FTS was one of the SQLite advantages, which isn't as relevant if we're doing preprocessing instead, although could as well continue with it.

defanor commented 5 years ago

Merged. Once we'll add aliases, these search fields should probably just become aliases, but this should be enough to proceed with issues #4 and #5.

defanor commented 5 years ago

In addition to handling different spellings and alternative band names, aliases are also needed to make the database usable by other software: Perl's unidecode is handy, but only usable from Perl programs, so it would be nice to provide alternative (and easier to compose) aliases as well. Maybe also marking their types (e.g., "alternative name", "a name processed with unidecode", "MusicBrainz ID", etc).

defanor commented 5 years ago

I'm thinking of using the following schema, though maybe should split aliases into 3 tables to avoid using alias_column (but then there will be duplication in schema):

CREATE TABLE lyrics (
       lyrics_id INTEGER PRIMARY KEY,
       artist TEXT NOT NULL,
       album TEXT NOT NULL,
       title TEXT NOT NULL,
       text TEXT NOT NULL
);

CREATE TABLE aliases (
       lyrics_id INTEGER NOT NULL,
       alias TEXT NOT NULL,
       alias_column TEXT NOT NULL,
       alias_type TEXT NOT NULL,
       FOREIGN KEY (lyrics_id) REFERENCES lyrics(lyrics_id)
);
CREATE INDEX idx_aliases_column_and_type ON
       aliases (alias_column, alias_type, alias);
CREATE INDEX idx_aliases_column ON aliases (alias_column, alias);

Test data:

insert into lyrics (artist, album, title, text) values ('foo', 'bar', 'baz', 'qux');
insert into aliases (lyrics_id, alias, alias_column, alias_type) values (1, 'BAZ', 'title', 'uppercased');
insert into aliases (lyrics_id, alias, alias_column, alias_type) values (1, 'FOO', 'artist', 'uppercased');
insert into aliases (lyrics_id, alias, alias_column, alias_type) values (1, 'foo', 'artist', 'original');
insert into aliases (lyrics_id, alias, alias_column, alias_type) values (1, 'baz', 'title', 'original');

The queries would then be like the following two:

select * from lyrics where
lyrics_id in (select lyrics_id from aliases where
  alias_column='artist' and alias_type='uppercased' and alias='FOO')
and
lyrics_id in (select lyrics_id from aliases where
  alias_column='title' and alias_type='uppercased' and alias='BAZ');

select * from lyrics where
lyrics_id in (select lyrics_id from aliases where
  alias_column='artist' and alias='FOO')
and
lyrics_id in (select lyrics_id from aliases where
  alias_column='title' and alias='BAZ');

Those indexes are sufficient for SQLite to use them for search in both cases (by aliases first, and then fetching the lyrics).

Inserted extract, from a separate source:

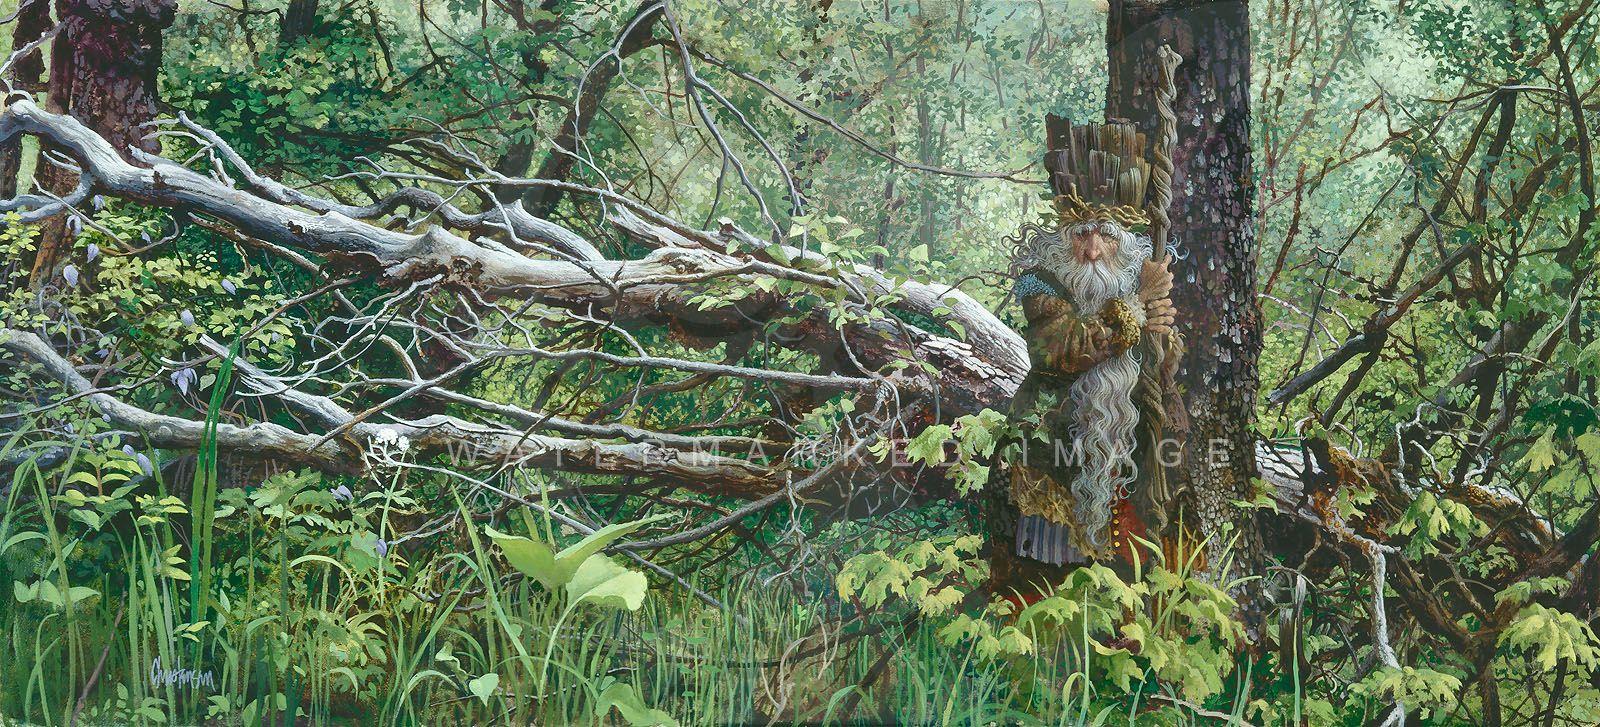 James Christensen Guardian In The Woods By James C Christensen

With original names being among aliases, it's a bit redundant (and potentially inconsistent), but easier to fetch names for output directly from the result.

Those potential inconsistencies and redundancies seem rather awkward, though maybe not too bad for a database that gets created and then only read from. Yet maybe it's worth trying a nicer structure.

defanor commented 5 years ago

It makes me to wonder whether librdf would be more suitable for such a data model. Though probably not worth switching now, and as long it's small and simple, it could easily be changed later.

Regarding types of aliases (alias_type): I think most of those should be processing types that are easy to do in any common language, and they should be specified too. If there won't be too many, we could provide combinations of those, but otherwise they should probably be ordered by complexity -- e.g., first applying the ones that don't require dealing with unicode at all (e.g., cutting out everything after the first opening paren, whitespace removal, ascii punctuation removal), then applying to the results the ones that require dealing with it (such as lowercasing, unicode punctuation removal), then Unidecode.

defanor commented 5 years ago

Introduced the aliases. So far just for different kinds of preprocessing, but aiming alternative band names and such.

Search improvement is likely to be an ongoing task for this project, but it seems to be sufficiently sorted out for now.